I don't know what made me think I could be a caregiver.
I'm not giving up. I'll get to know somebody else this week, and perhaps I will find that I do have a niche in this profession. The scrubs are an excuse, I know.
I am blaming pink and black scrubs for my insecurity. They are just a uniform that someone somewhere decided was an easy-care, comfortable alternative to street clothes. I am uncomfortable with being responsible for another person, not really the clothes. If I had to wear a silly hat it would be the same thing.
See, I am a person whose confidence comes from the way I am dressed. I don't feel talented. I feel inadequate.

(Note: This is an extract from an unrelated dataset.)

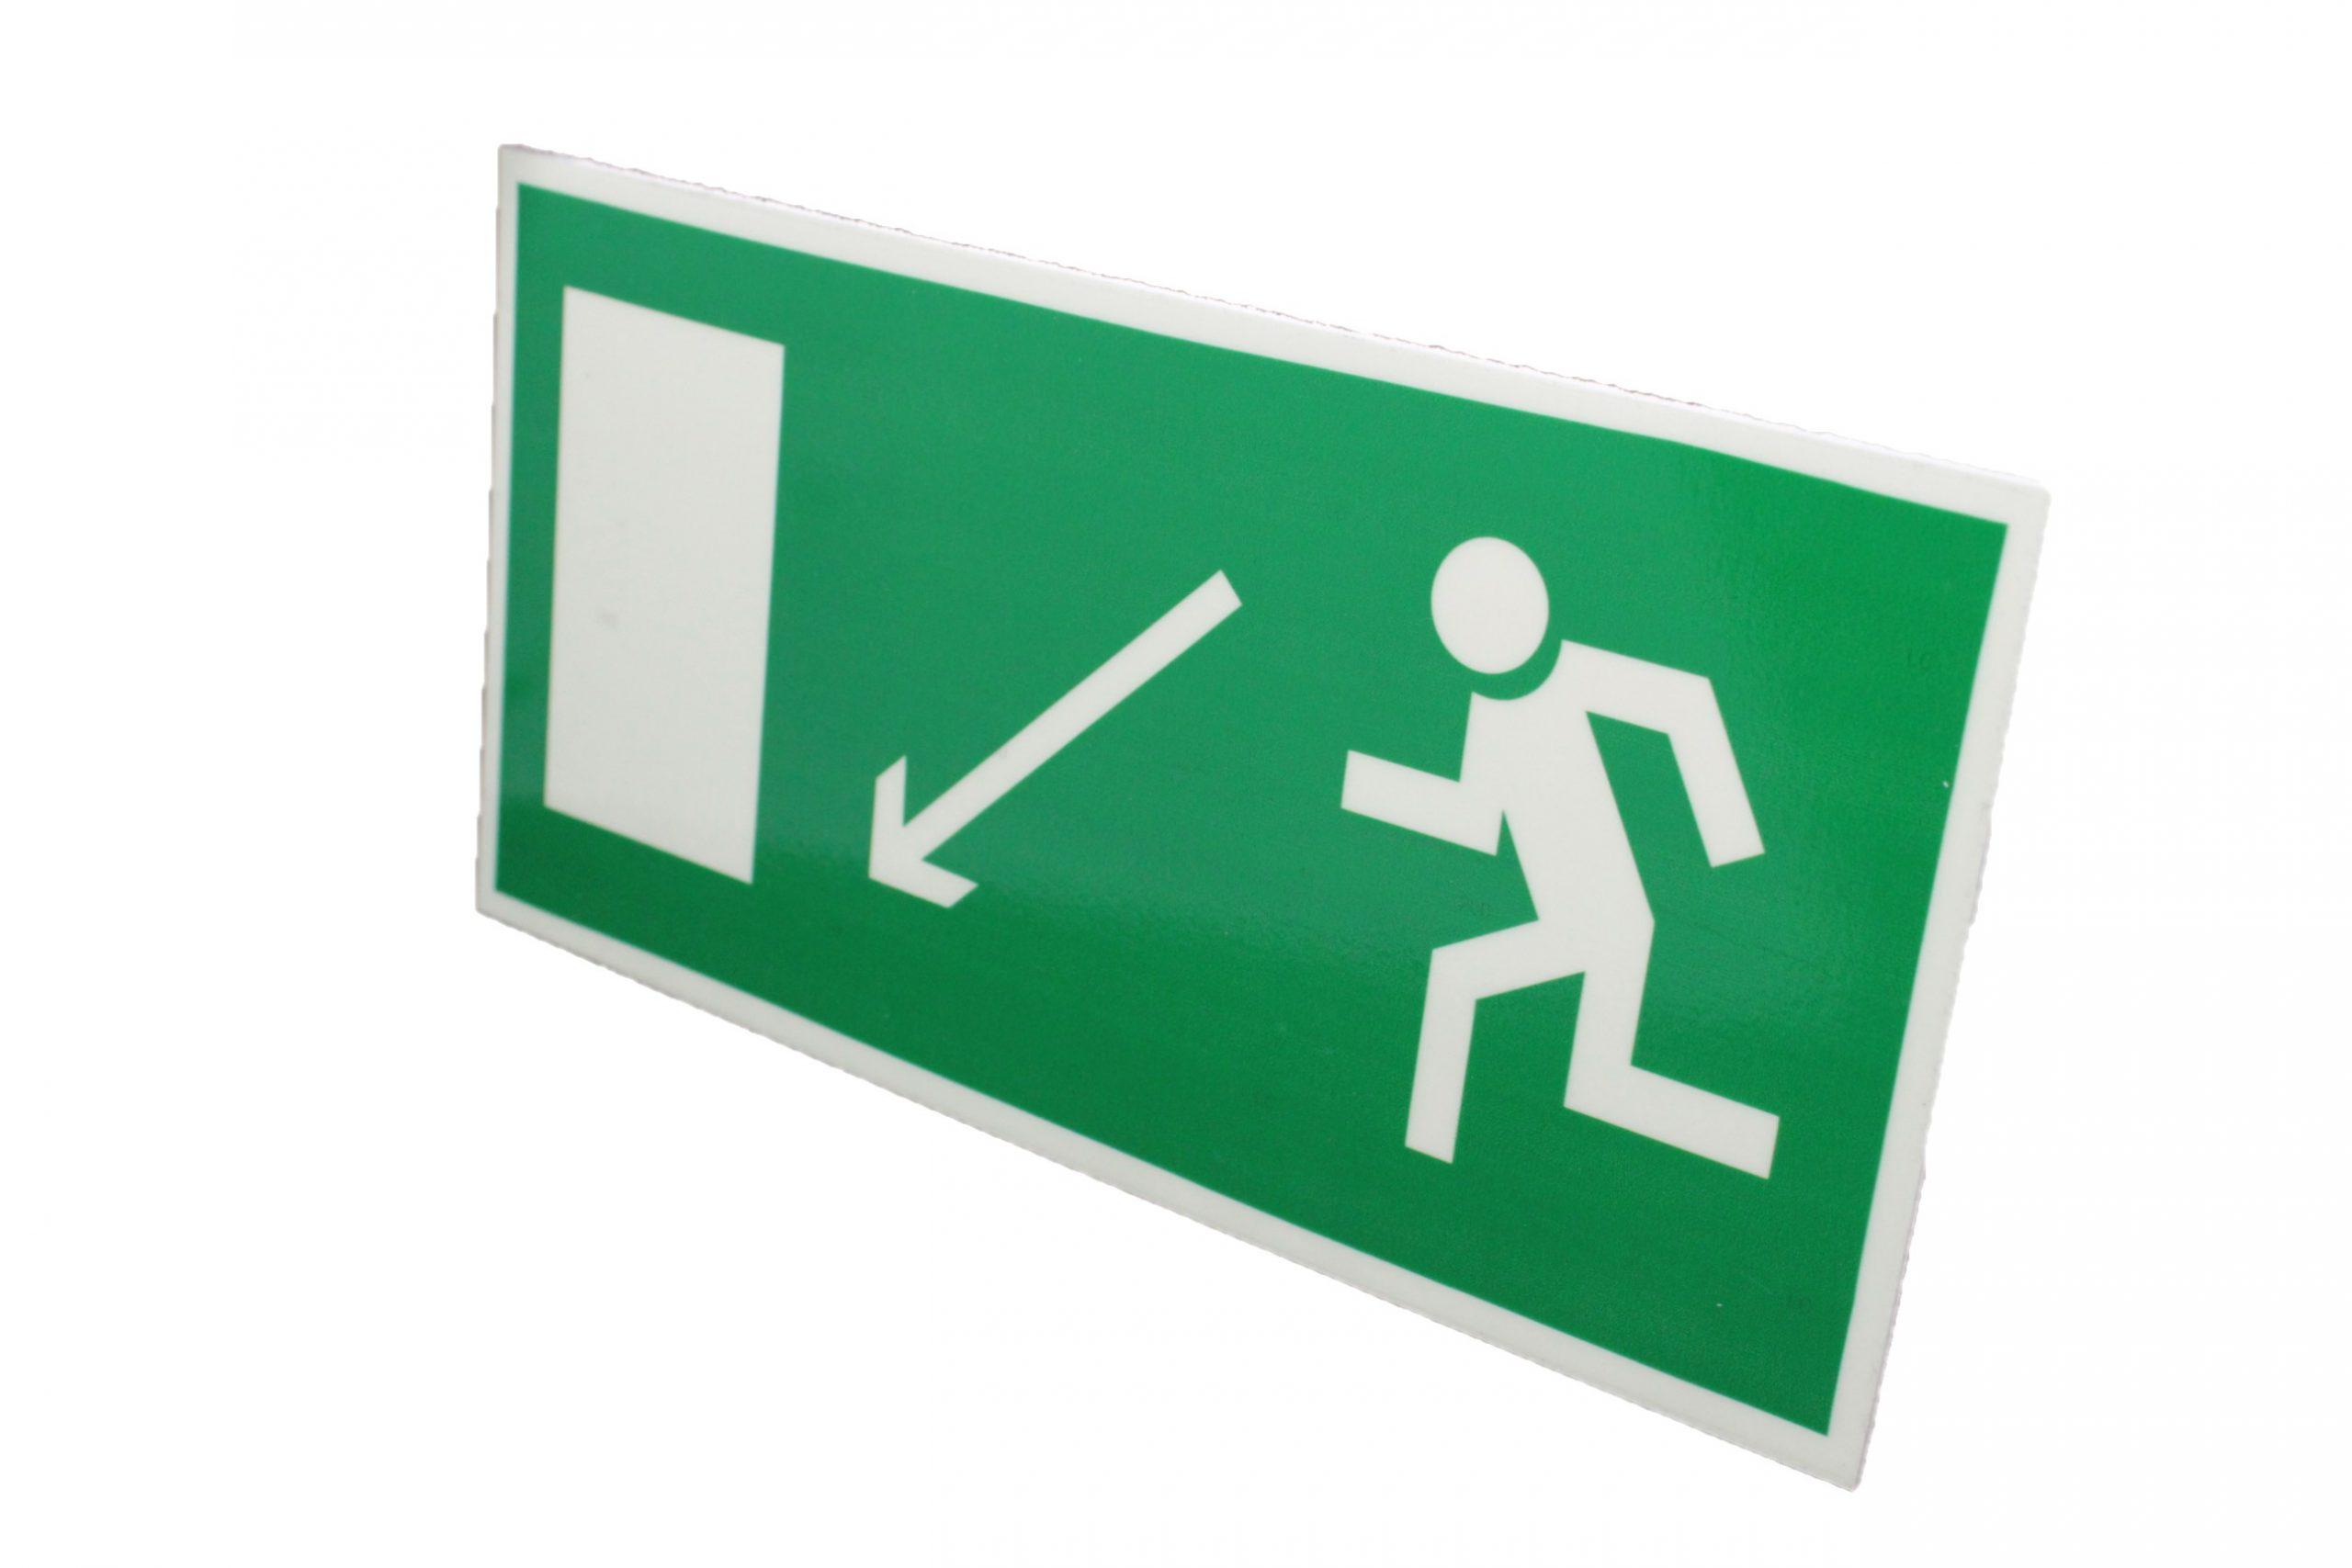 Знак эвакуации фотолюминесцентный выход налево вниз

I listened to all the gals at training with all of their knowledge and experience. I have none of that. I feel like once again I am stupid, or at the least woefully unprepared. I may be in over my head. I am letting perma-press, shapeless clothes dictate who I am instead of letting what I am doing be the focus.
You know, I like people, especially older people. The ladies at the nursing home liked me. I did little things that gave them a spark of life. I listened to their ramblings, met their families. I could have been a recreational director if I could have received a degree locally. I can do that kind of thing. This frightens me.
I'm meandering, aren't I?
I'm a little bit discombobulated. I want to help somebody. I want to give. I want to do the fun, fulfilling stuff. I will give it a month, maybe two. Then I will look back at these words and I will have a better idea if this is what I am meant to do for another year and five months, two days and sixteen hours.
First day, first client, first impressions. I need a change of attitude, not a change of clothes.